Added in v0.0.285 · Related issues · View source

Fix is always available.

What it does

Checks for the use of sum() to flatten lists of lists, which has quadratic complexity.

Why is this bad?

The use of sum() to flatten lists of lists is quadratic in the number of lists, as sum() creates a new list for each element in the summation.

Instead, consider using another method of flattening lists to avoid quadratic complexity. The following methods are all linear in the number of lists:

  • [*sublist for sublist in lists] (Python 3.15+)
  • functools.reduce(operator.iadd, lists, [])
  • list(itertools.chain.from_iterable(lists))
  • [item for sublist in lists for item in sublist]

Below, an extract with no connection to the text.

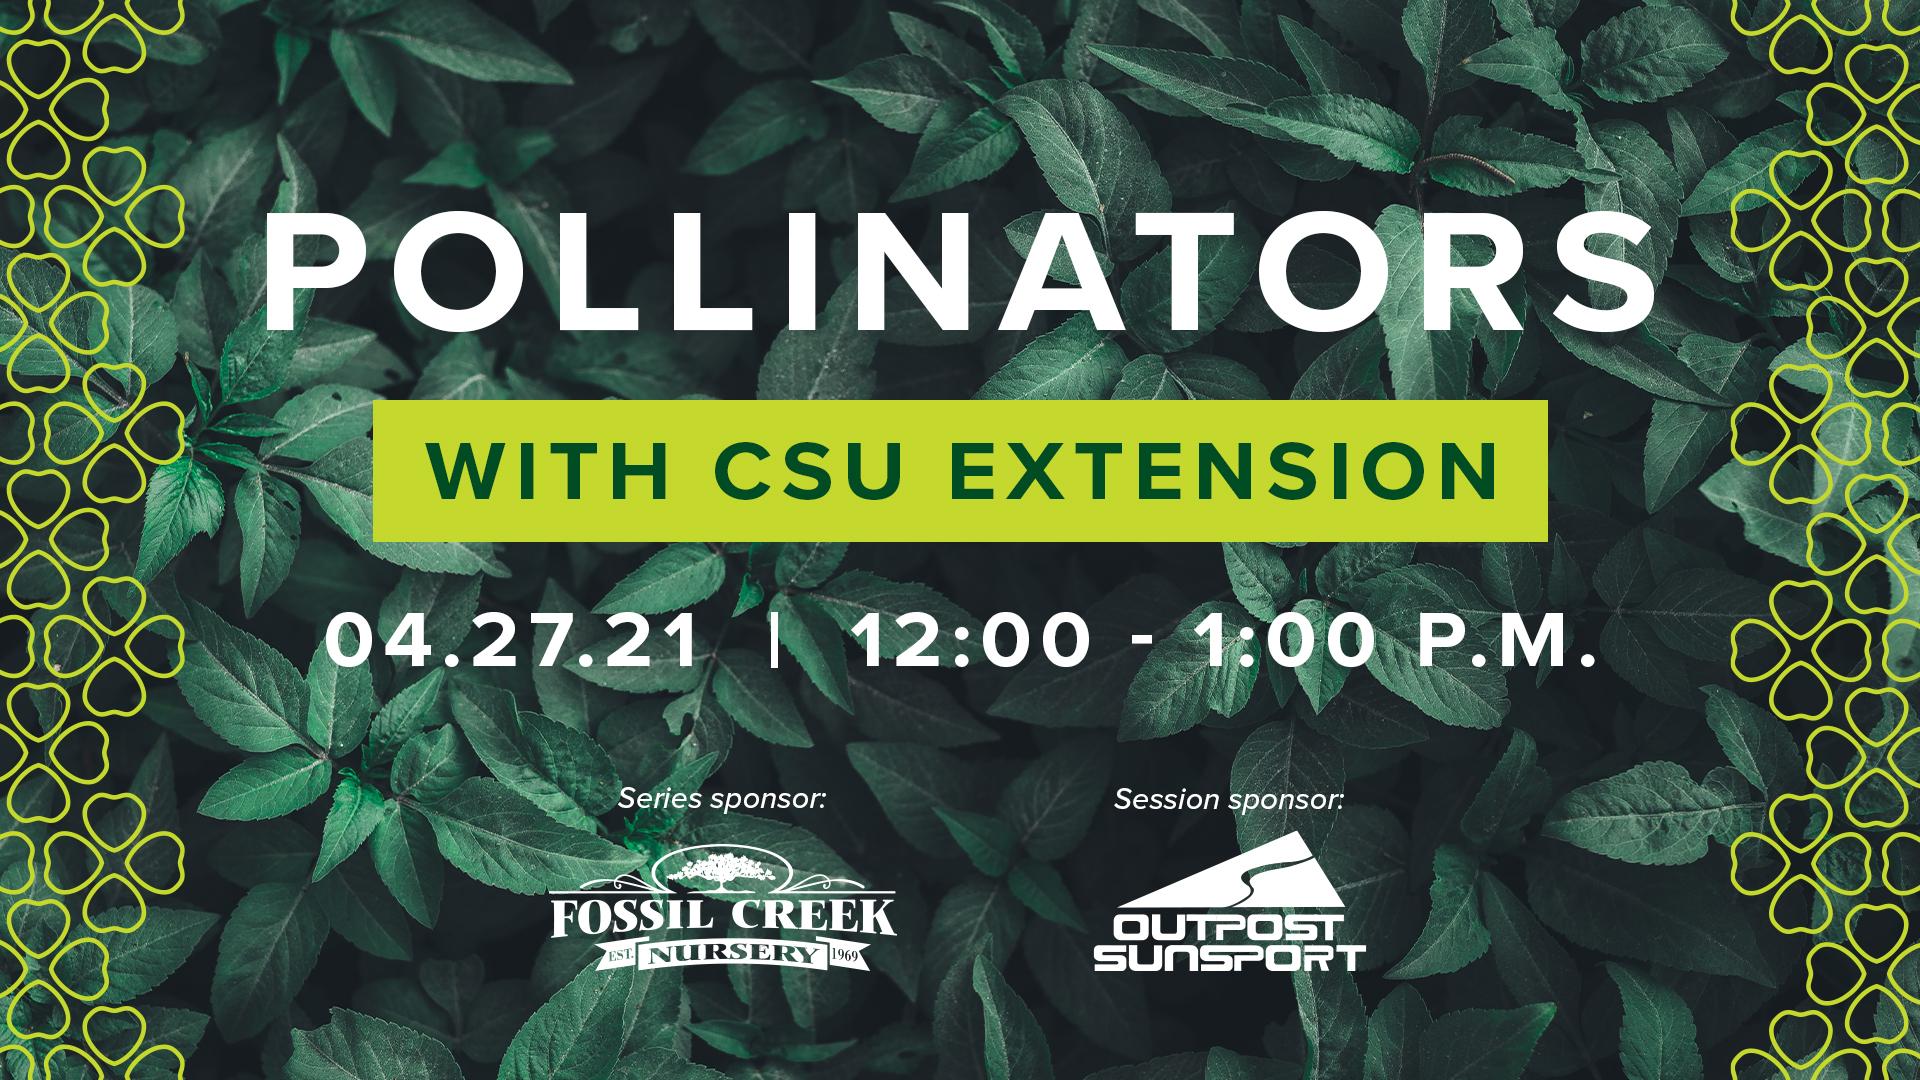 Image for Gardening Series with CSU Extension: Pollinators webinar

When fixing relevant violations, Ruff uses the starred-list-comprehension form on Python 3.15 and later. On older Python versions, Ruff falls back to the functools.reduce form, which outperforms the other pre-3.15 alternatives in microbenchmarks.

Example

lists = [[1, 2, 3], [4, 5, 6], [7, 8, 9]]
joined = sum(lists, [])

Use instead:

lists = [[1, 2, 3], [4, 5, 6], [7, 8, 9]]
joined = [*sublist for sublist in lists]

Fix safety

This fix is always marked as unsafe because the replacement may accept any iterable where sum previously required lists. On Python 3.15 and later, Ruff uses iterable unpacking within a list comprehension; on older Python versions, Ruff uses operator.iadd. In both cases, code that previously raised an error may silently succeed. Moreover, the fix could remove comments from the original code.